This view shows enzymes only for those organisms listed below, in the list of taxa known to possess the pathway. If an enzyme name is shown in bold, there is experimental evidence for this enzymatic activity.

Superclasses: Degradation/Utilization/Assimilation Aldehyde Degradation
Detoxification Methylglyoxal Detoxification

Some taxa known to possess this pathway include ? : Cyberlindnera mrakii , Escherichia coli K-12 substr. MG1655 , Homo sapiens , Mammalia , Synechococcus sp. PCC 7002 , Thermoanaerobacterium thermosaccharolyticum

Expected Taxonomic Range: Bacteria , Eukaryota

Summary:
General Background

Methylglyoxal is produced in small amounts during glycolysis (via dihydroxyacetone phosphate), fatty acid metabolism (via acetone), and protein metabolism (via aminoacetone).
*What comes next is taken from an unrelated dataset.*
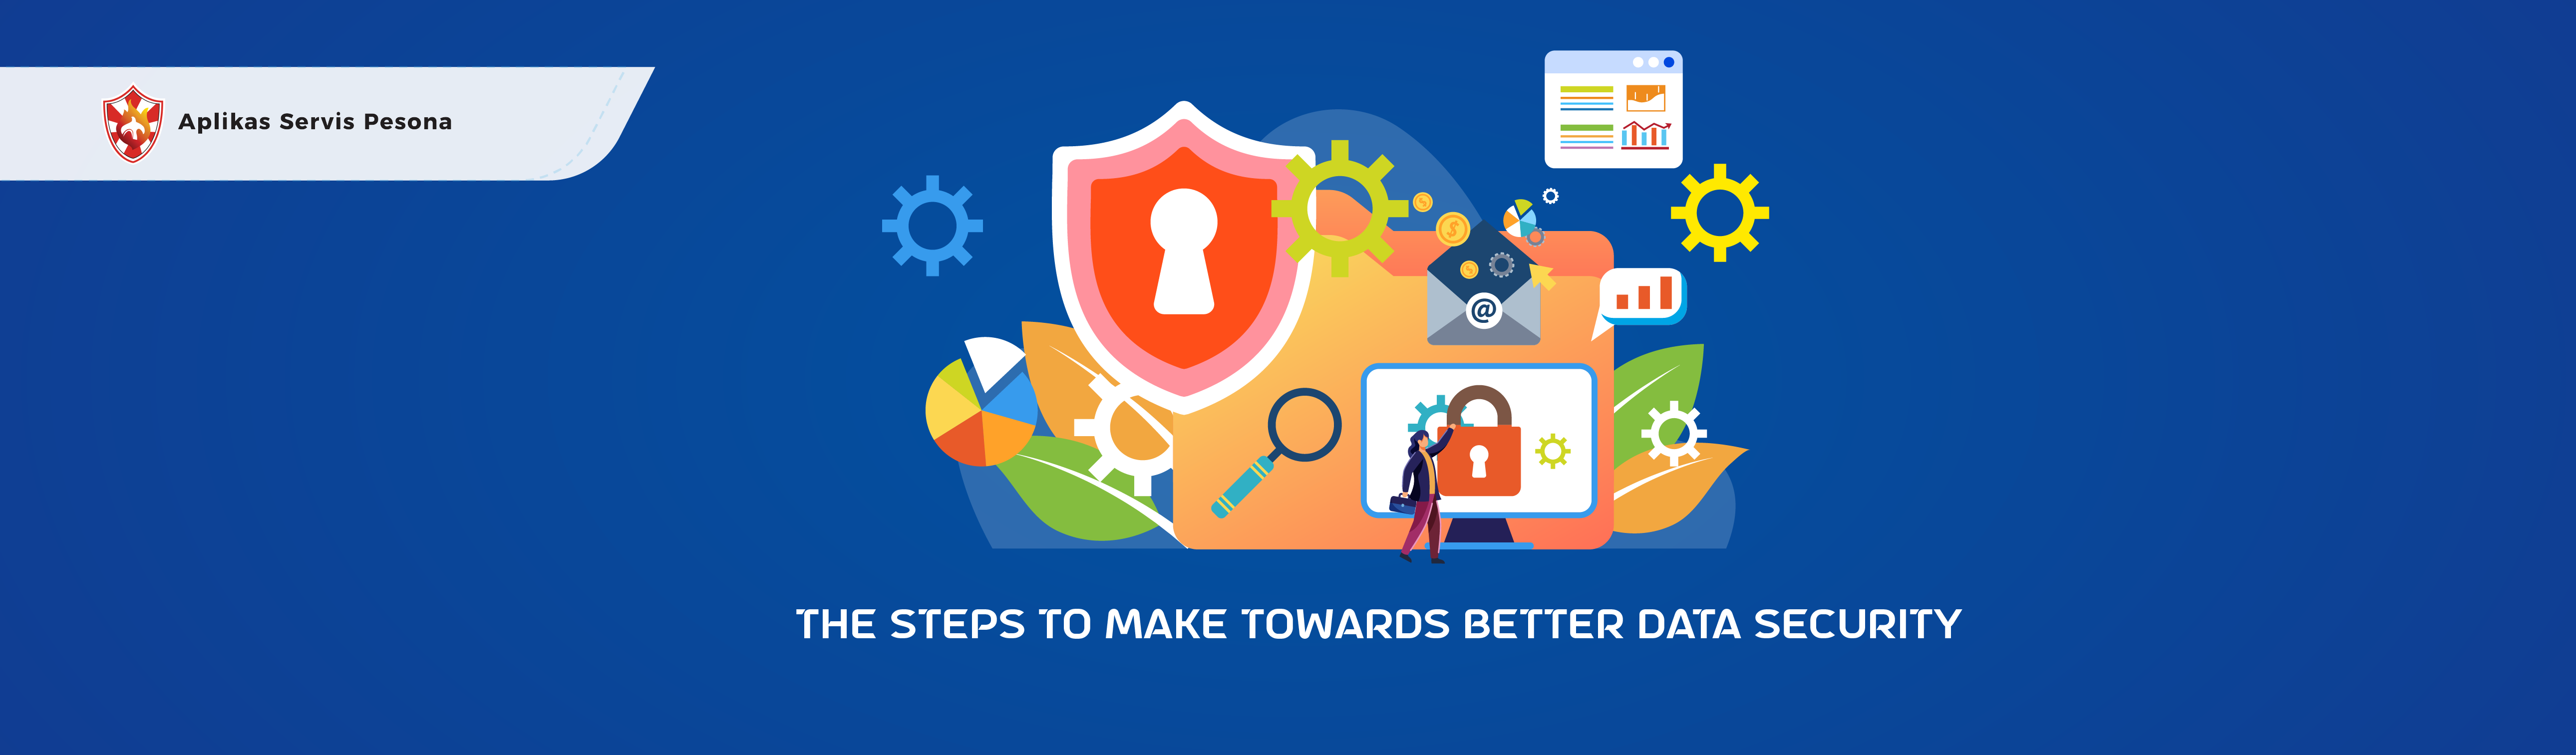 The Steps to Make Towards Better Company Data Security

Methylglyoxal is highly toxic, most likely as a result of its interaction with protein side chains (see [Kalapos99] for a review). There are several pathways for the detoxification of methylglyoxal, based on different enzymes that are able to convert methylglyoxal to less toxic compounds. These enzymes include glyoxalase enzymes, methylglyoxal reductases, aldose reductases, aldehyde reductases and methylglyoxal dehydrogenases.

About This Pathway

There are several pathways for the removal of methylglyoxal. In this pathway, methylglyoxal is reduced to acetol by the action of various enymes possessing L-glyceraldehyde 3-phosphate reductase activity. Most of the enzymes that have been characterized with this activity belong to the family of NADPH-dependent aldo-keto reductases (AKRs). For example, the human aldose reductase (EC 1.1.1.21) and aldehyde reductase (EC 1.1.1.2) are both capable of reducing methylglyoxal to acetol [Vander92]. Other mammalian AKRs that were shown to catalyze this reaction include AKR1, AKR1A, AKR1B1, AKR7, AKR7A2 and AKR7A5 [Wermuth77, Oconnor99, Hinshelwood02, Hinshelwood03].
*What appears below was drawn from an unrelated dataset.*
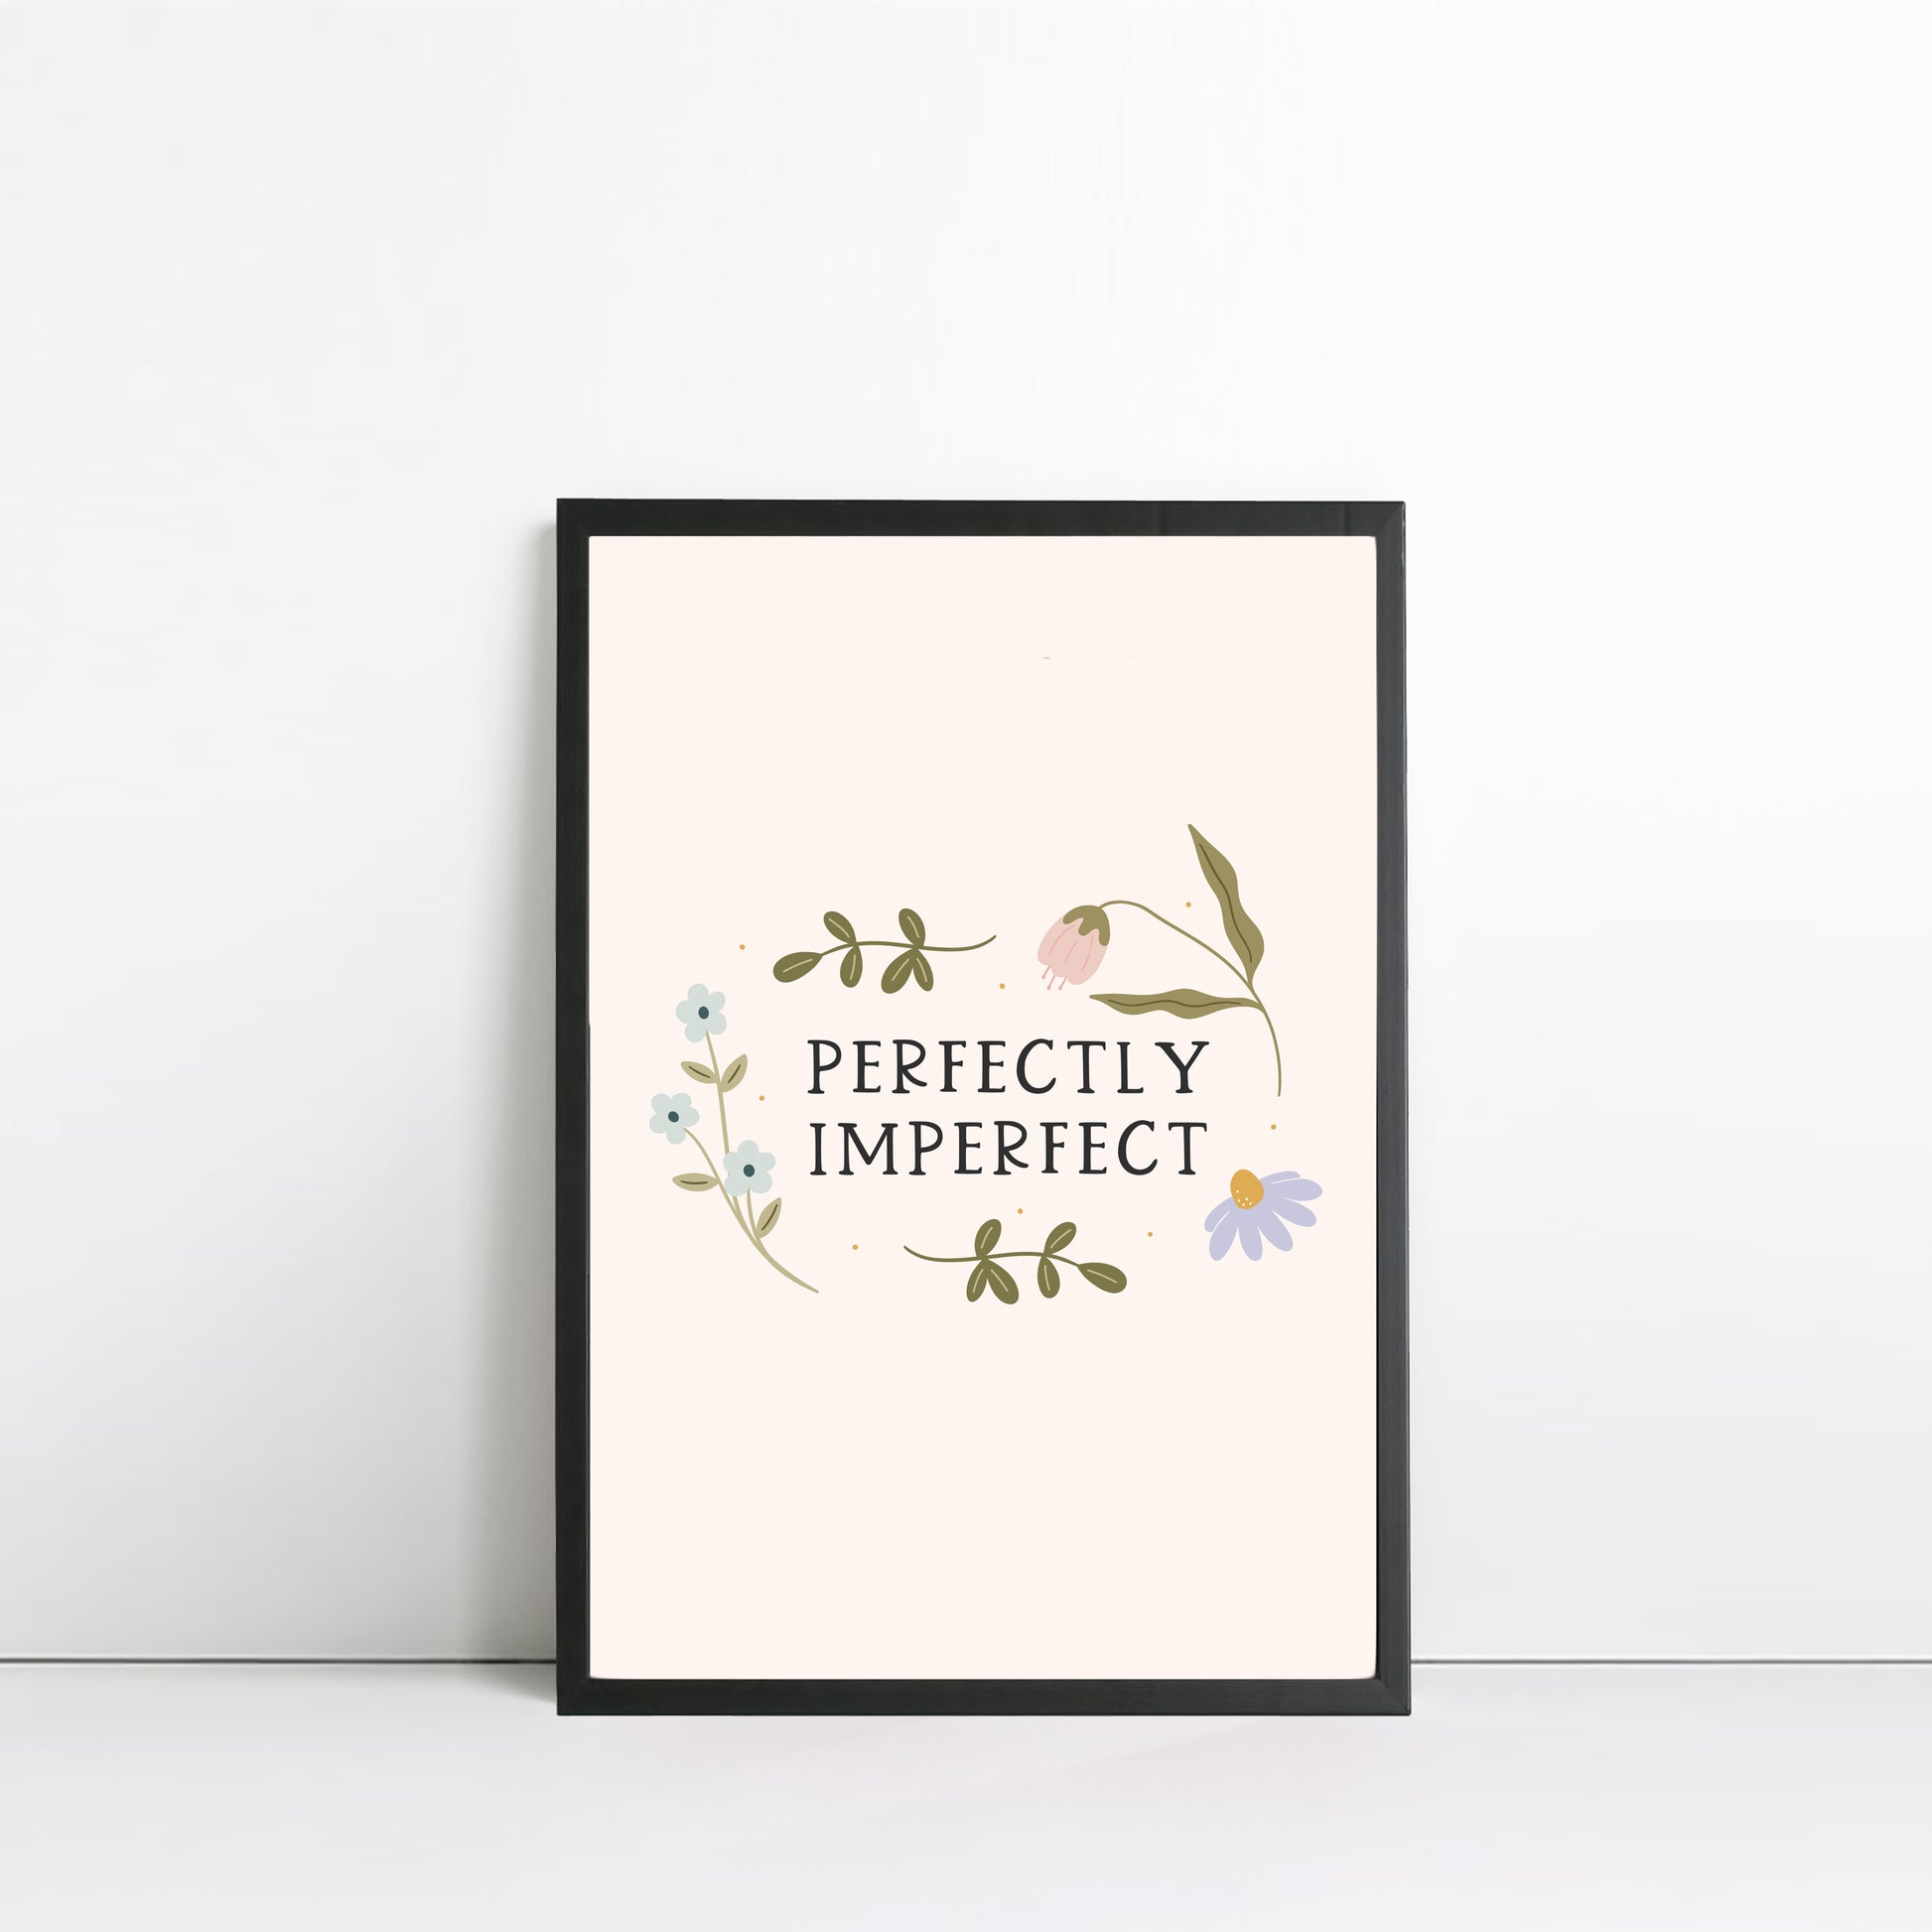 Perfectly Imperfect children's art print by Abbie Imagine

Several Escherichia coli K-12 enzymes homologous to the mammalian AKRs have also been shown to catalyze the same reaction [Misra96]. Overexpression of the aldo-keto reductase AKR14A1, encoded by the yghZ gene, leads to increased resistance to methylglyoxal [Grant03a]. In addition, three other genes (yeaE, dkgA, and dkgB) were shown to encode proteins with similar activities [Ko05]. All four proteins were purified, and shown to catalyze the reaction in vitro, in the presence of NADPH. A similar enzyme has been identified in cyanobacteria [Xu06c].

A variation has been found in the Saccharomycete fungus Cyberlindnera mrakii, in which an NADH-dependent methylglyoxal reductase has been documented [Inoue92].

Prolonged incubations of Escherichia coli cell-free extracts with methylglyoxal resulted in conversion of acetol to (S)-propane-1,2-diol [Ko05]. The enzyme proposed to catalyze this reaction is L-1,2-propanediol dehydrogenase / glycerol dehydrogenase [Tang82, Kelley85]. A similar conversion has been observed in other microorganisms, such as Thermoanaerobacterium thermosaccharolyticum [Cameron86]. In bacteria (S)-propane-1,2-diol is a dead-end metabolite and exits the cell rapidly [Zhu89].

The same reaction has also been observed in mammalian systems, where it is catalyzed by aldose reductase [Vander92]. In mammals (S)-propane-1,2-diol is metabolized in the liver to L-lactate [Vander92].

Superpathways: superpathway of methylglyoxal degradation

Variants: methylglyoxal degradation I , methylglyoxal degradation II , methylglyoxal degradation IV , methylglyoxal degradation V , methylglyoxal degradation VI , methylglyoxal degradation VII , methylglyoxal degradation VIII

Unification Links: EcoCyc:PWY-5453

Credits:
Created 16-Jan-2007 by Caspi R , SRI International


References

Cameron86: Cameron, D.C., Cooney, C.L. (1986). "A novel fermentation: the production of (R)-1,2-propanediol and acetol by Clostridium thermosaccharolyticum." Nature Bio/Technology 4:651-654.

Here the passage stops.